Custom Optimizers ([issue 220](https://github.com/zalandoresearch/flair/issues/220))
You can now choose other optimizers besides SGD, i.e. any PyTorch optimizer, plus our own modified implementations of SDG and Adam, namely SGDW and AdamW.
Learning Rate Finder ([issue 228](https://github.com/zalandoresearch/flair/issues/228))
A new helper method to assist you in finding a [good learning rate for model training](https://github.com/zalandoresearch/flair/blob/master/resources/docs/TUTORIAL_8_MODEL_OPTIMIZATION.md#finding-the-best-learning-rate).
Breaking Changes
This release introduces breaking changes. The most important are:
Unified Model Trainer ([issue 189](https://github.com/zalandoresearch/flair/issues/189))
Instead of maintaining two separate trainer classes for sequence labeling and text classification, we now have one model training class, namely `ModelTrainer`. This replaces the earlier classes `SequenceTaggerTrainer` and `TextClassifierTrainer`.
Downstream task models now implement the new `flair.nn.Model` interface. So, both the `SequenceTagger` and `TextClassifier` now inherit from `flair.nn.Model`. This allows both models to be trained with the `ModelTrainer`, like this:
python
Training text classifier
tagger = SequenceTagger(512, embeddings, tag_dictionary, 'ner')

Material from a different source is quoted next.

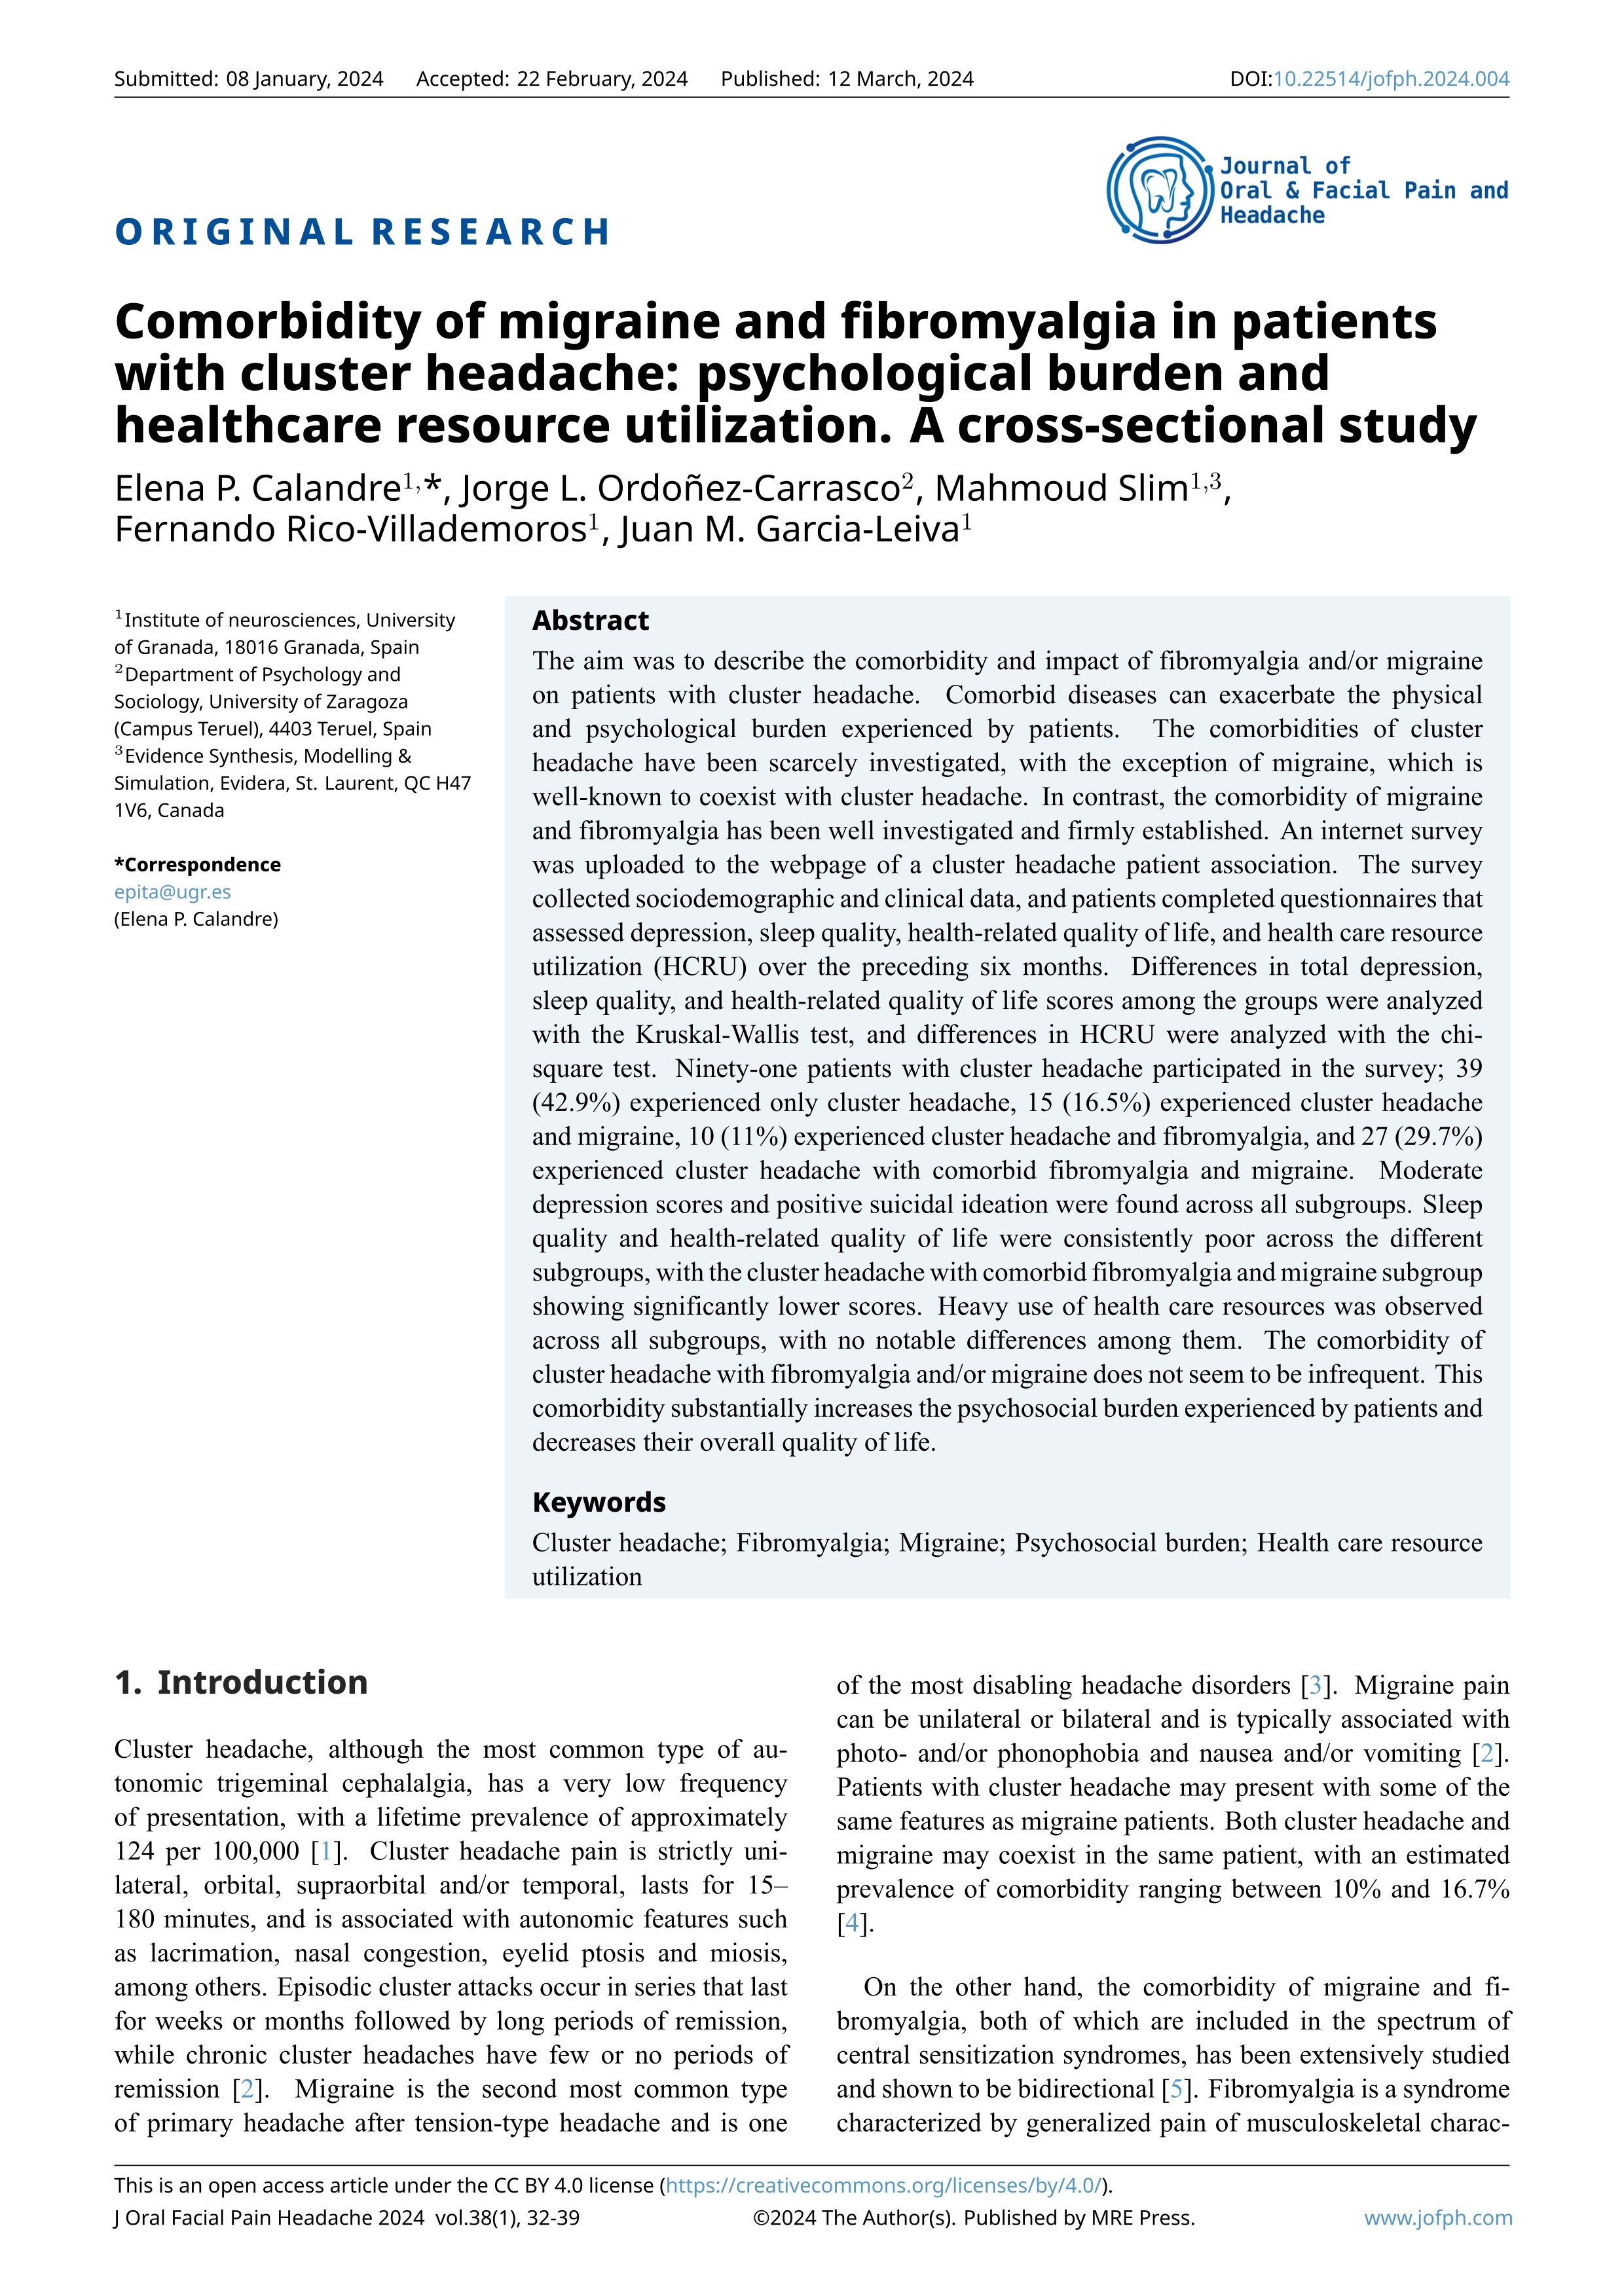 Comorbidity of migraine and fibromyalgia in patients with cluster headache: psychological burden and healthcare resource utilization. A cross-sectional study

trainer = ModelTrainer(tagger, corpus)
trainer.train('results')
Training text classifier
classifier = TextClassifier(document_embedding, label_dictionary=label_dict)
trainer = ModelTrainer(classifier, corpus)
trainer.train('results')
The advantage is that all training parameters ans training procedures are now the same for sequence labeling and text classification, which reduces redundancy and hopefully make it easier to understand.
Metric class
The metric class is now refactored to compute micro and macro averages for F1 and accuracy. There is also a new enum `EvaluationMetric` which you can pass to the ModelTrainer to tell it what to use for evaluation.
Updates and Bug Fixes
Torch 1.0 ([issue 176](https://github.com/zalandoresearch/flair/issues/299))
Flair now bulids on torch 1.0.
Use Pathlib ([issue 176](https://github.com/zalandoresearch/flair/issues/176))
Flair now uses `Path` wherever possible to allow easier operations on files/directories. However, our interfaces still allows you to pass a string, which will then be transformed into a Path by Flair.
Bug Fixes
* Fix: Non-whitespaced tokenized text results into an infinite loop ([issue 226](https://github.com/zalandoresearch/flair/issues/226))
* Fix: Getting IndexError: list index out of range error ([issue 233](https://github.com/zalandoresearch/flair/issues/233))
* Do not reset cache directory always to None ([issue 249](https://github.com/zalandoresearch/flair/issues/249))
* Filter sentences with zero tokens ([issue 266](https://github.com/zalandoresearch/flair/issues/266))